Time for a new years rant! Whilst passing Grisedale Farm I found myself accosted by the farmers wife, enraged at the second group of ramblers today to leave the gates open, the sheep in lamb were legging it up the road in a bid for freedom, satisfied I wasn't with the party she calmed down, I promised to have a word if I caught them up. You know who you are, you were half way into your days walk when you reached Storrs Road, I hadn't’t the heart to dress you down over said incident, half of you were what my daughter refers to as coffin dodgers and with age should have known better.

view route map.


On Jack Scout looking over Cow's Mouth Cove to Grange over Sands.

The Giant's Seat dominates the high ground on Jack Scout, the polished slab of limestone bears testament to the amount of backsides that perch here.

From the Giant's Seat wonderful views over the shifting sands of Morecambe Bay.

Sunburst over the Lune Valley with Caton Moor across the skyline to the left.

Looking out over Morecambe Bay, the chimney, all that remains of a copper smelting mill.

Cringlebarrow Wood as seen from the Smelt Mill Chimney.

The embankment between Jenny Brown's Point and Crag Foot provides a fine view point, here we have a view south towards Morecambe across the salt marsh.

Heading up Warton Crag looking back to a sun lit Arnside Knott.

From the slopes of Warton Crag stunning views to upper Morecambe Bay and Whitbarrow.

Above Pinnacle Crag looking to a distant Furness Peninsular, in the middle distance the wooded slopes of Heald Brow and Jenny Brown's Point.

Looking to the summit, hidden by the trees a trig point and rather unsafe looking beacon erected in 1988 as part of a re-enactment of the approach of the Spanish Armada in 1588.

Seen from the limestone blocks in the photo above, Arnside Knott.

Spectacular views from my descent path, across the skyline the hills of Bowland, sunburst over Carnforth and a slice of the Lancashire coast.

If you're looking for a brew stop this is a good one, the Perched Blocks above Warton Main Quarry.

Testament to a very wet Christmas, flooded fields surround Warton village.

Slip sliding my way through Hayning Scout Wood.

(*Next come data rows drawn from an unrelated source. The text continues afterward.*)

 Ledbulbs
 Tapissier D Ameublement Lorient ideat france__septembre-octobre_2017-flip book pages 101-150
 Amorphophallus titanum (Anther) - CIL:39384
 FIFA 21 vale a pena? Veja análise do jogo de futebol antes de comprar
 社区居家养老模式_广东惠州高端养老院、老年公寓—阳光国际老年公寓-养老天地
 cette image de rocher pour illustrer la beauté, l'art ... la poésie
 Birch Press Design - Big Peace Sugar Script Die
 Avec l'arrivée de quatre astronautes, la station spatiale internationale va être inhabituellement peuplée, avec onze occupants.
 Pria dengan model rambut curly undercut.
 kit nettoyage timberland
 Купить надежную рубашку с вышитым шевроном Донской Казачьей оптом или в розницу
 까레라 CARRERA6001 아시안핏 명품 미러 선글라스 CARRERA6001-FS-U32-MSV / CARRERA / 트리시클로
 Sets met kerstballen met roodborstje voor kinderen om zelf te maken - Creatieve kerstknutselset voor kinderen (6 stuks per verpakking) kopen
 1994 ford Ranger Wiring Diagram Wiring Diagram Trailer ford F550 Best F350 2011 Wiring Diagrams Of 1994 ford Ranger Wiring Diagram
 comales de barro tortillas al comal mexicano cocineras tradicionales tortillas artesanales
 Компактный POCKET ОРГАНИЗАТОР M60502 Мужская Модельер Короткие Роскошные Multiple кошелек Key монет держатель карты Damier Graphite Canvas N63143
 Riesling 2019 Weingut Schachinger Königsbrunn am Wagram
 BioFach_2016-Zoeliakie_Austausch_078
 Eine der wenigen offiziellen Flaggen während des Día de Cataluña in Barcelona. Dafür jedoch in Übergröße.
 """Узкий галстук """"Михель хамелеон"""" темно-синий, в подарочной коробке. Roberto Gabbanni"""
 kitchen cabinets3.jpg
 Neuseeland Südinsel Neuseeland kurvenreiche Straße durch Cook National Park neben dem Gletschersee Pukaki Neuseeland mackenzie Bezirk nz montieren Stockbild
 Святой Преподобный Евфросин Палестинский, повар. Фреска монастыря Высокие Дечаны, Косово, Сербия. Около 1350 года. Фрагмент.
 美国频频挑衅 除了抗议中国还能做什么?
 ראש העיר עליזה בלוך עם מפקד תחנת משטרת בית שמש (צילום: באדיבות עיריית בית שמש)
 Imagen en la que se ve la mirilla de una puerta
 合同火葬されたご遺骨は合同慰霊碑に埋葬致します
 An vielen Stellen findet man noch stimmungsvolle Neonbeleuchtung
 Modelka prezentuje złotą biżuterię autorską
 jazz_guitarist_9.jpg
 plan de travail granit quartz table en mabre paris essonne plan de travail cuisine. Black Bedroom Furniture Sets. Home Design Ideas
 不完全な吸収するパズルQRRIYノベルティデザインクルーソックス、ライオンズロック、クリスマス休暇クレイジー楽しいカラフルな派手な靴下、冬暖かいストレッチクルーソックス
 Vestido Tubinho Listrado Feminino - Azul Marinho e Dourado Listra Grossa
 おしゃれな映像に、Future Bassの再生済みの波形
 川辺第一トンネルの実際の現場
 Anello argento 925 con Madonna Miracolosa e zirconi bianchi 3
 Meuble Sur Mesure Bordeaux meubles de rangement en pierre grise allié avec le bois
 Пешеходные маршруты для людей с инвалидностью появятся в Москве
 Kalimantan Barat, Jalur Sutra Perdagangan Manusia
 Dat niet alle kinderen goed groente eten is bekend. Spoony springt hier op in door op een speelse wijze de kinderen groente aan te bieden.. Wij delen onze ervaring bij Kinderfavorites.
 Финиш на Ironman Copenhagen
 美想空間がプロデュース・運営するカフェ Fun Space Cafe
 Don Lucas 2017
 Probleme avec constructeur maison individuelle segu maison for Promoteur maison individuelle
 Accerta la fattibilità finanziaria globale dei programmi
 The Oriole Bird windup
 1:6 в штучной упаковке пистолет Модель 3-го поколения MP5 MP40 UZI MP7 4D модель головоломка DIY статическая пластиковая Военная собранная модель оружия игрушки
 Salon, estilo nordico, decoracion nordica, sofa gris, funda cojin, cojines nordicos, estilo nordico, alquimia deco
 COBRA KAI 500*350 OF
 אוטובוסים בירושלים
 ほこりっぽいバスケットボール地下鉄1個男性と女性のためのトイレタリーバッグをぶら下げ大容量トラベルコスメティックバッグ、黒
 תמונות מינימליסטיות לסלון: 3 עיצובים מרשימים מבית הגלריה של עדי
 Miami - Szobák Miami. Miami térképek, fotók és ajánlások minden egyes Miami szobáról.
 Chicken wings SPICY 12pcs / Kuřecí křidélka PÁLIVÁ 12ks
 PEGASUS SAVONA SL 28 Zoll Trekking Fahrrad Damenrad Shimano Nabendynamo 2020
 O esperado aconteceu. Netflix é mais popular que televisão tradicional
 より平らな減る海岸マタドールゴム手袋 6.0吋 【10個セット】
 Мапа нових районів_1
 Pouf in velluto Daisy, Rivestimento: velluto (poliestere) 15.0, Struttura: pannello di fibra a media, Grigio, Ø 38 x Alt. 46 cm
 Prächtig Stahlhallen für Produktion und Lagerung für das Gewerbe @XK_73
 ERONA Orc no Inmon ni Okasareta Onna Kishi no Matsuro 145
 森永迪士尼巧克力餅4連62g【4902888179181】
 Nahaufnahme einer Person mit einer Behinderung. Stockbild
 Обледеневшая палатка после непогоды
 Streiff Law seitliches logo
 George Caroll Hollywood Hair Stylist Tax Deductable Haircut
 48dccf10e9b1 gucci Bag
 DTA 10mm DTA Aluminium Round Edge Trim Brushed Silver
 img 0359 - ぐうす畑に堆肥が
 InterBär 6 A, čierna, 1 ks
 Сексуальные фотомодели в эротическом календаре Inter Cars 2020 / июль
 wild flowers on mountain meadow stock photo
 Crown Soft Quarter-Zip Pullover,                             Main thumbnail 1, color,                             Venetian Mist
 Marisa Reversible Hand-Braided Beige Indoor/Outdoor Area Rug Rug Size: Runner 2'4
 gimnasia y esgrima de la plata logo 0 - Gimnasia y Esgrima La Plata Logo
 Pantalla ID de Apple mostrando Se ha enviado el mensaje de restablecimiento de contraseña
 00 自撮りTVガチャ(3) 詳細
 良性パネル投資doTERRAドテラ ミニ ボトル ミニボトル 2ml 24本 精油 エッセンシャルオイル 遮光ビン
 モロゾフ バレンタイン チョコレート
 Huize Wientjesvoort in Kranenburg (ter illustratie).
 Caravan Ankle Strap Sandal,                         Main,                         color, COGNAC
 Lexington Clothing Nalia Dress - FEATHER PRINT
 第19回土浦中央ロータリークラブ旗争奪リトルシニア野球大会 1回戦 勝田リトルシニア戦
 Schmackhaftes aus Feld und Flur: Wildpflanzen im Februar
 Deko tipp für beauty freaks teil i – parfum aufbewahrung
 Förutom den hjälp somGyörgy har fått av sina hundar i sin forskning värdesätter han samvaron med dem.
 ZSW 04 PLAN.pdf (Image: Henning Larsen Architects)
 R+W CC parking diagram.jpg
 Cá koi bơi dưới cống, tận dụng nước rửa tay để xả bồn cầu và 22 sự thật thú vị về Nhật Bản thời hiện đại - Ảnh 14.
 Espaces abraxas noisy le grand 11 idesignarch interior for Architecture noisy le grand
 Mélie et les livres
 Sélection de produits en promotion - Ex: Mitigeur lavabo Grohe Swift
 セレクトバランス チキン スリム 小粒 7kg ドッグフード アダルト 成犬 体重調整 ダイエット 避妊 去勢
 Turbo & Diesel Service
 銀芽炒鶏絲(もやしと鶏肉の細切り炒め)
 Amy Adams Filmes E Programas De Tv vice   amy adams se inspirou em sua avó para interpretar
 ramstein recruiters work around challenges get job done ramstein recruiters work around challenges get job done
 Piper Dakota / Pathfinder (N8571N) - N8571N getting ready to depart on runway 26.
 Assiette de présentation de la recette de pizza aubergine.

On Summer House Hill viewing the remains of a gothic summer house erected by the Gillow family of Leighton Hall.

Soaking up the views from Summer House Hill.

The walk across Leighton Moss I never particularly enjoy, high reed beds obscure the views, lucky for us non bird watchers the moss has to be managed, this means clearing the reeds from time to time creating views like this, on the skyline Cringlebarrow Wood.....

....and to the left the sylvan slopes of Yealand Hall Allotment.

Looking to Trowbarrow's climbing cliffs, to the left the Shelter Stone, so called because this was the only protection the quarry men had when blasting took place, of coarse this was in the days before health and safety.

Viewing Know Hill from Silverdale Cove.

With the limestone cliffs at Silverdale Cove to my back views to Hampsfell rising above the white washed buildings of Grange over Sands, to the right the wooded slopes of Arnside Park.

Limestone scenery along the Silverdale coast.